宿舎は2メートル近くの雪の壁に囲まれているが、湯治場は地熱であたためられ、Tシャツ1枚で過ごせてしまう。ゴロンと横になれば、ジワジワと地熱がからだにしみわたり、薬効もありそうだ。 体操を行うには、これ以上ない環境である。
ここで参加者は、朝晩、中西さん指導のもと、柔軟体操、そして小山内体操を行い、チェックをしてもらう。
小山内体操は1人でやっていると、いつの間にかフオームが崩れたり、間のとり方が短くなったりして、本来のかたちからズレてしまう。小山内体操は、簡単なようだけれど、ポイントをきっちり抑さえないと効果は半減するので、時どきチェックをして確認することが必要だ。
私も、体操歴は長いのだけれど、このたびチェックをうけて、いくつかダメ出しをされた。やっぱりきてよかった。

小山内体操をチェック!

朝7時体操開始。
オンドルの大部屋は、真ん中に通路をはさみ、両側にウナギの寝床式に畳敷きの床が続く。 そこに各々ゴロリと横になる。

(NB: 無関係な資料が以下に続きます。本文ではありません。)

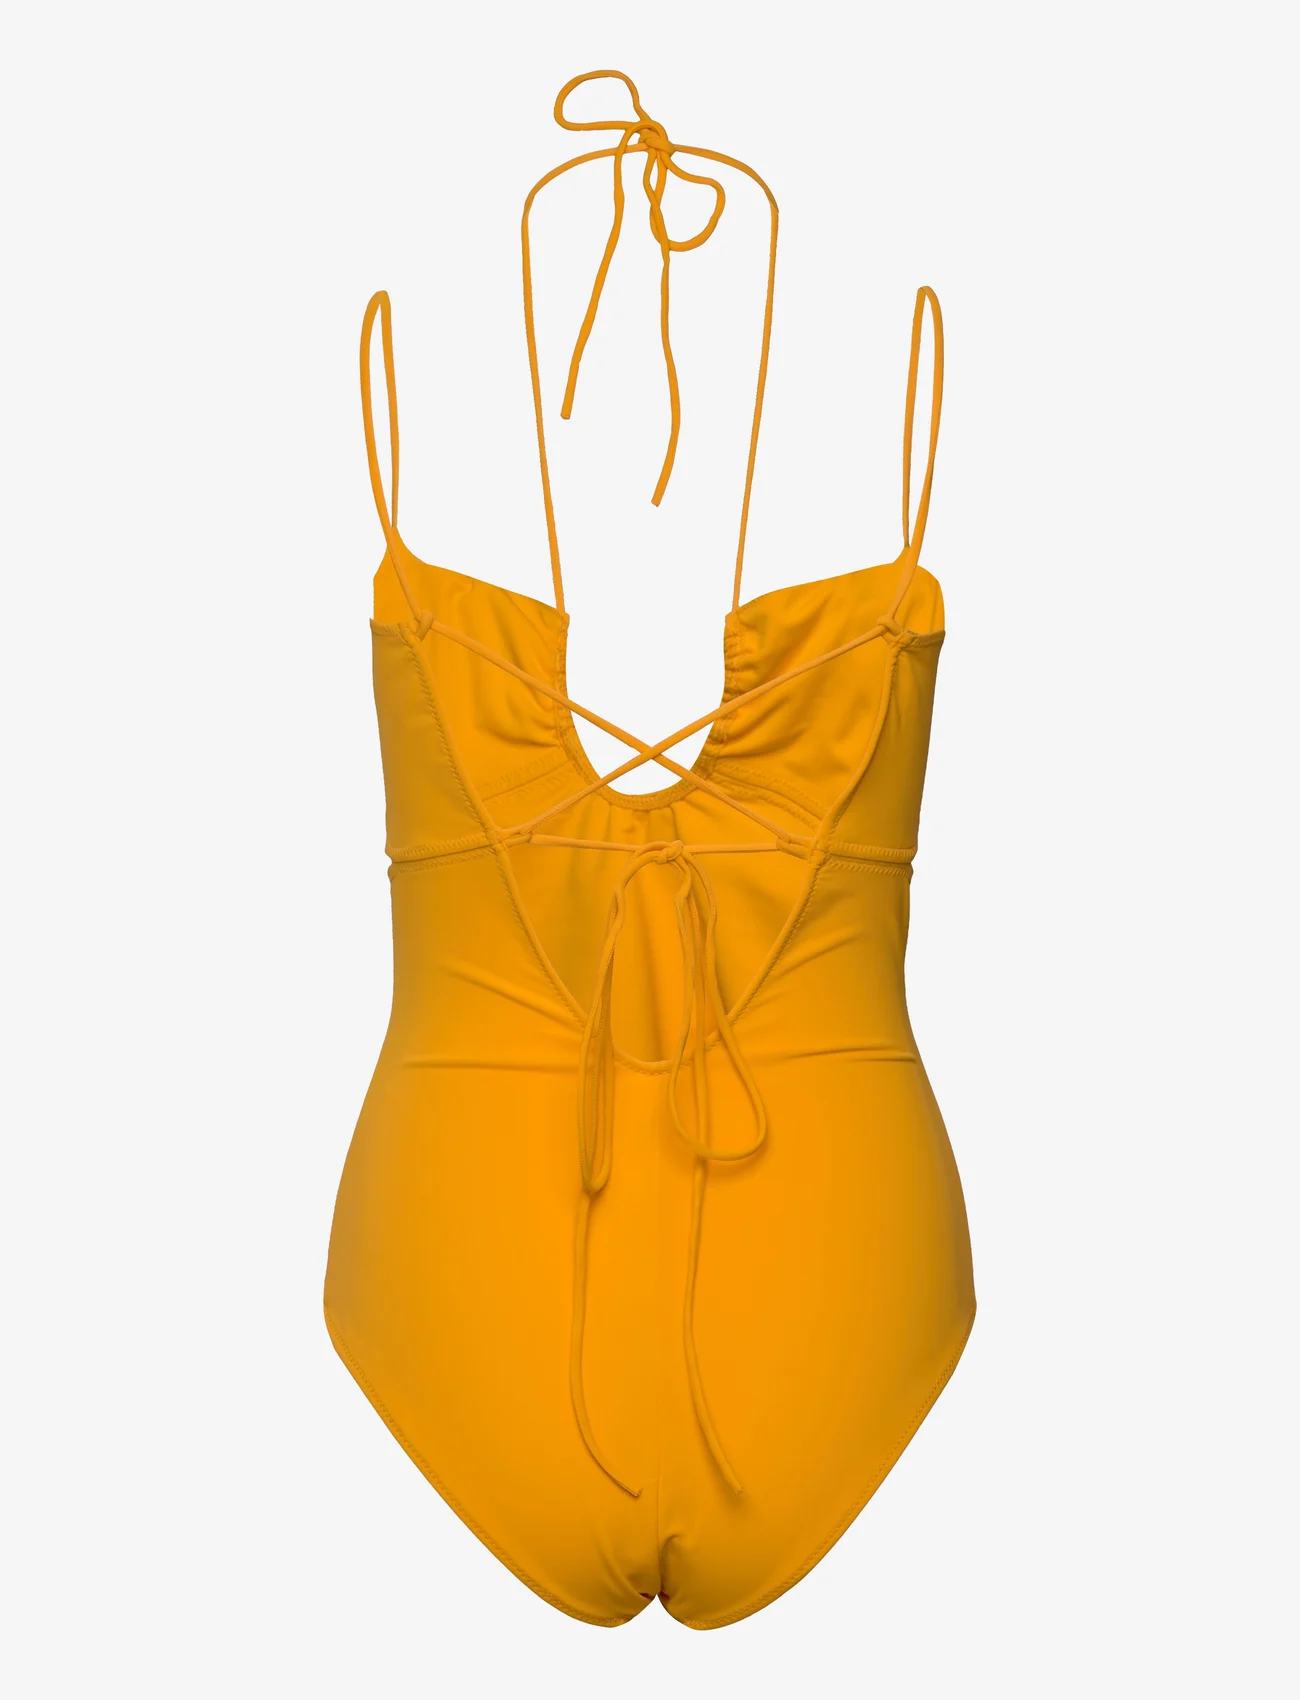 RODEBJER - Rodebjer Casoria - swimsuits - orange haze - 1

誰もが参加自由。中西さんが逗留する期間に訪れる湯治客もいるようだ。
一般の湯治客も飛び入り自由で、今日は某巨匠カメラマンと助手さんが参加している。
まずは柔軟体操から。中西さんが大きな声で足指から腕、肩、首、ふだん動かさないような部位を丁寧にほぐすように指示する。
イテテ・・・巨匠カメラマンが悲鳴を上げると、中西さんはすかさず近寄って励まし、サポートする。
私も懸命についていく。
地熱の畳があたたかいので、たちまち汗ビショッリだ。
1時間ほどでからだがほぐれたら、2人一組で、1人なら奥の棚に足を固定して、小山内体操を行う。
私は、背そらしの体操が苦手だ。
チェックしてもらうと、パッと背そらしをして、うつぶせに倒れたら、顔を横にむけるところ、まっすぐにおろしていた。だから顔が苦しかった。注意された通り、顔を横向きにすると、ぐんと楽になる。両手もパッと上がるようになった。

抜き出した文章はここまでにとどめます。